Licensed NC Electrical Contractor · #SP.SFD.39353

EV Charger Installation in Winston-Salem, NC

Dedicated 240V Level 2 charging circuits — permitted, inspected, and sized right. Duke Energy customers may get up to $1,133 back.

Call 336-283-6290 Get a Free Quote

A Level 2 home charger turns overnight parking into a full battery — but it needs a dedicated 240V circuit, correctly sized wire, the right GFCI protection, and in most Triad jurisdictions, a permit and inspection. That’s exactly the work we do every week across Winston-Salem, Clemmons, Kernersville, and Advance.

Tesla Wall Connector EV charger installed in a Winston-Salem garage by Amped Up Electrical Solutions
Tesla Wall Connector install — dedicated circuit in armored cable, mounted and commissioned.

What a Professional EV Charger Install Includes

Every install starts with a load calculation on your panel: we confirm your service can carry the new circuit, or tell you honestly if a panel upgrade should come first. From there we run a dedicated 240V circuit sized to your charger — commonly a 50A or 60A breaker feeding a 40A or 48A charger, because the National Electrical Code requires EV charging equipment to be treated as a continuous load at 80% of the circuit rating. We install hardwired or plug-in per the manufacturer’s listing, apply the GFCI protection NEC 210.8(F) requires for outdoor and garage receptacle installs, use weatherproof fittings for exterior mounts, and pull the electrical trade permit so the job is inspected and on record.

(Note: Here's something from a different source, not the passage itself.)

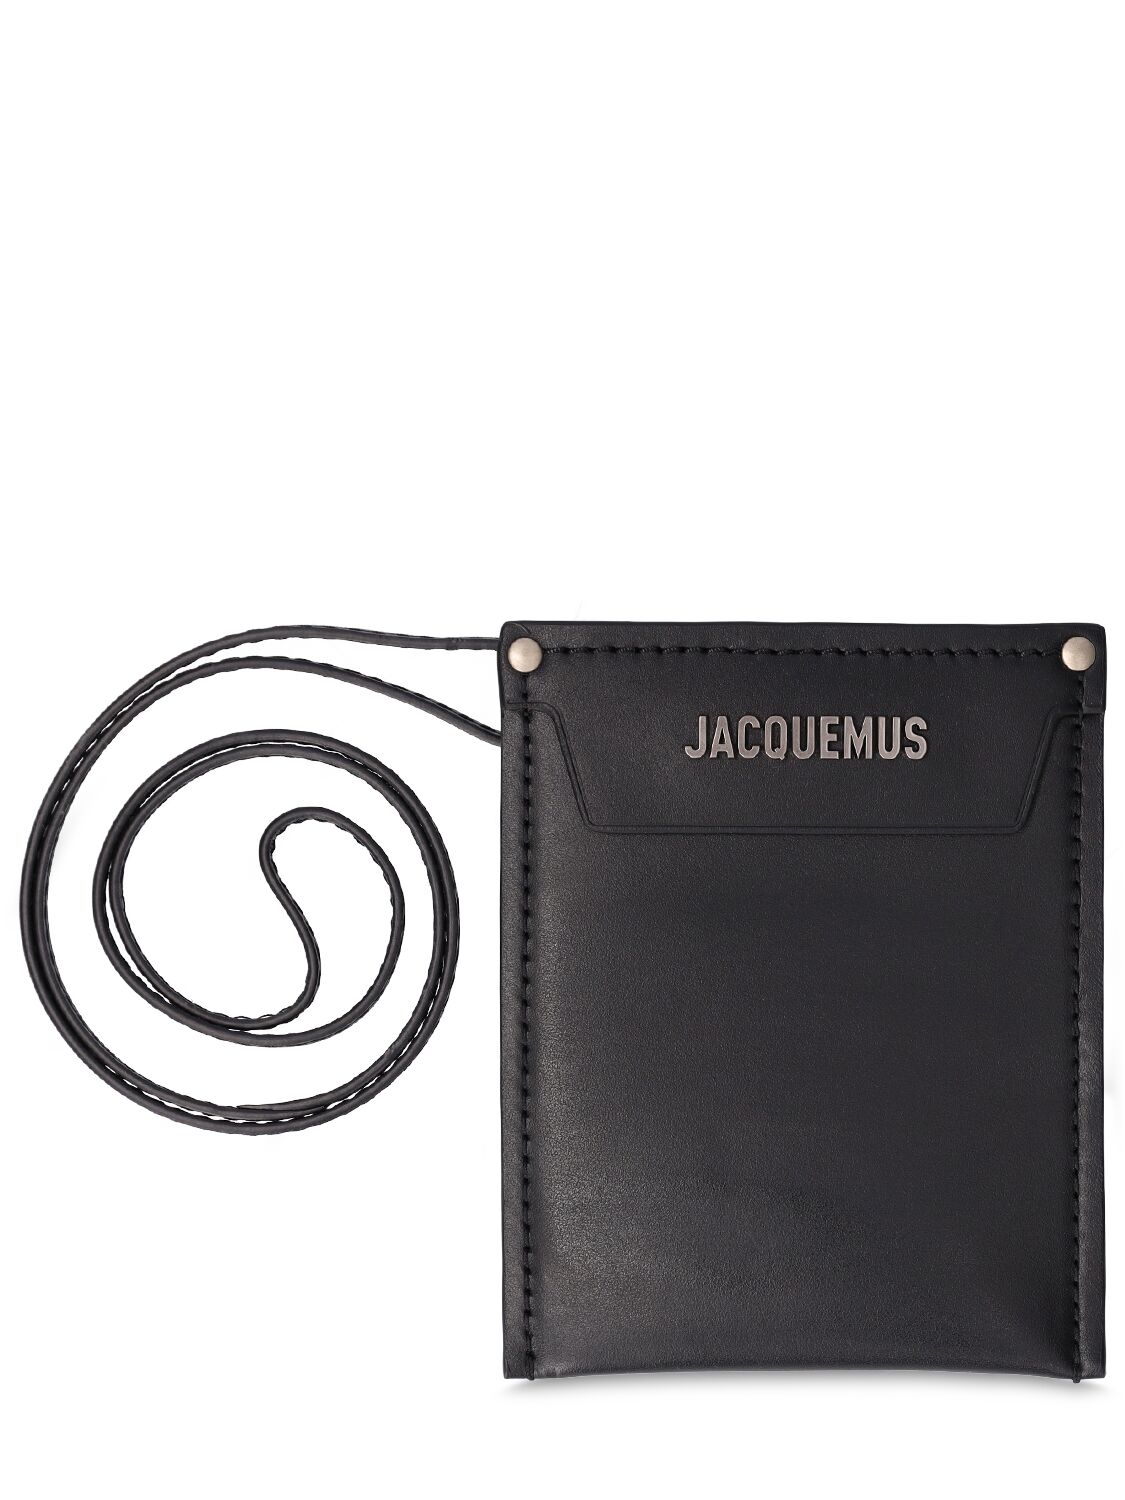 Jacquemus Le Porte Poche Meunier Leather Wallet In Black

Duke Energy Customers: Up to $1,133 Back

Duke Energy Carolinas and Duke Energy Progress offer a Charger Prep Credit that reimburses up to $1,133 of the make-ready electrical work for a Level 2 home charger — the wiring, 240V outlet or hardwire circuit, breaker, and panel work. For many homeowners that covers most of the installation cost. The credit does not cover the charger unit itself or permit fees, your EV must be registered at your Duke service address, and you apply within 120 days of installation with your itemized invoice and approved permit. We structure our invoice and permit paperwork so your application is ready to submit the day the inspection passes.

Hardwired or Plug-In?

Plug-in chargers on a NEMA 14-50 receptacle are flexible and easy to replace, but the receptacle must be GFCI-protected and industrial-grade receptacles are strongly recommended for the sustained load. Hardwired installs eliminate the receptacle as a failure point, allow higher charging rates (48A and up), and are required for many chargers above 40A. We’ll recommend the right approach for your charger, your panel, and your garage layout — and explain the tradeoff before you decide.

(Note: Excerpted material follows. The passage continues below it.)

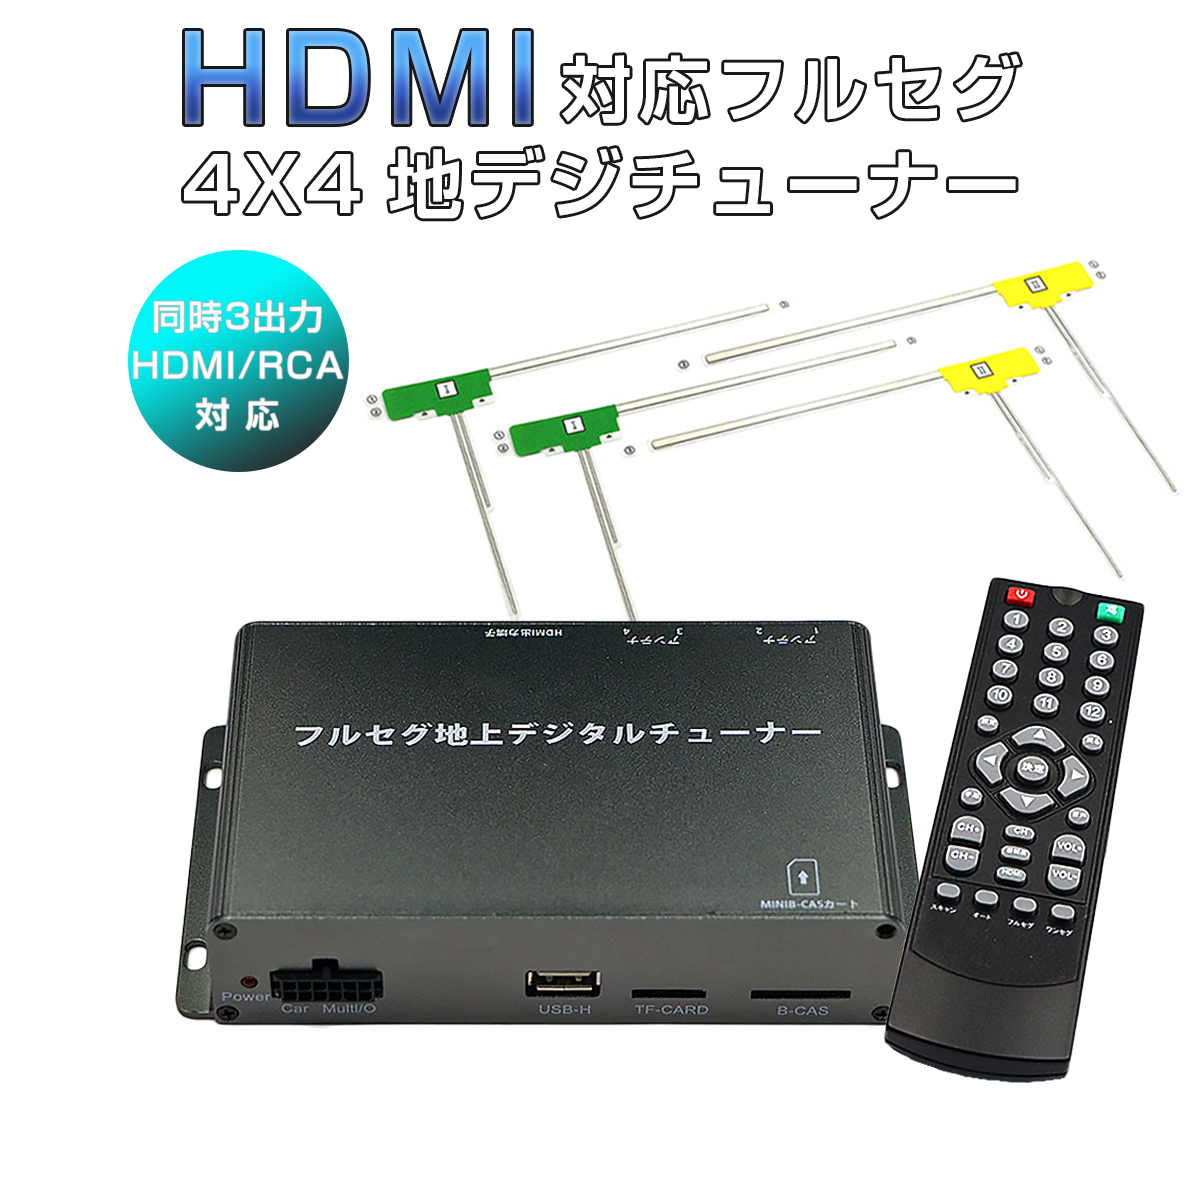 地デジチューナー フルセグ ワンセグ HDMI 4x4 高性能 4チューナー 4アンテナ 自動切換 150km/hまで受信 高画質 古い車載TVやカーナビにも使える 12V/24V フィルムアンテナ miniB-CASカード付き 宅配便送料無料 6ヶ月保証

Why Hire an Electrical Contractor — Not a Multi-Trade Company

Most companies advertising EV charger installation in Winston-Salem are HVAC and plumbing firms that added “electrical” to the truck. An EV charging circuit is licensed electrical work: load calculations, conductor sizing, GFCI requirements, and an electrical inspection. When you hire Amped Up, the person quoting your job, pulling your permit, and landing the circuit is the licensed electrical contractor — not whichever technician was free that morning. Our license number is in the footer of every page on this site, because we want you to look it up.

Serving EV Owners Across the Triad

We install chargers for Tesla, Ford, Hyundai, Kia, Rivian, and every other EV brand in Winston-Salem, Clemmons, Lewisville, Kernersville, Advance, and High Point. Most installs are completed in a single visit once the permit is in hand.

Frequently Asked Questions

How much does EV charger installation cost in Winston-Salem?

Most Level 2 installations fall between $600 and $1,800 depending on the distance from your panel, whether the circuit is hardwired or plug-in, and whether your panel needs work. You get a written, itemized quote before we start — and Duke Energy customers may get up to $1,133 of it back.

Do I need a permit to install an EV charger in North Carolina?

Yes. A new 240V EV charging circuit requires an electrical trade permit and inspection in Forsyth and Davie County jurisdictions. We pull the permit and schedule the inspection as part of the job — and you need that approved permit to claim the Duke Energy credit.

Can my electrical panel handle an EV charger?

We run a load calculation before quoting. Many homes can take a 40–50A charging circuit as-is; some older or fully loaded panels need a panel upgrade or a load-management device first. We tell you which before any money changes hands.

How fast will a Level 2 charger charge my EV?

A 48A Level 2 charger adds roughly 30–40 miles of range per hour for most EVs — a full overnight charge for nearly any vehicle, compared to 3–5 miles per hour on a standard 120V outlet.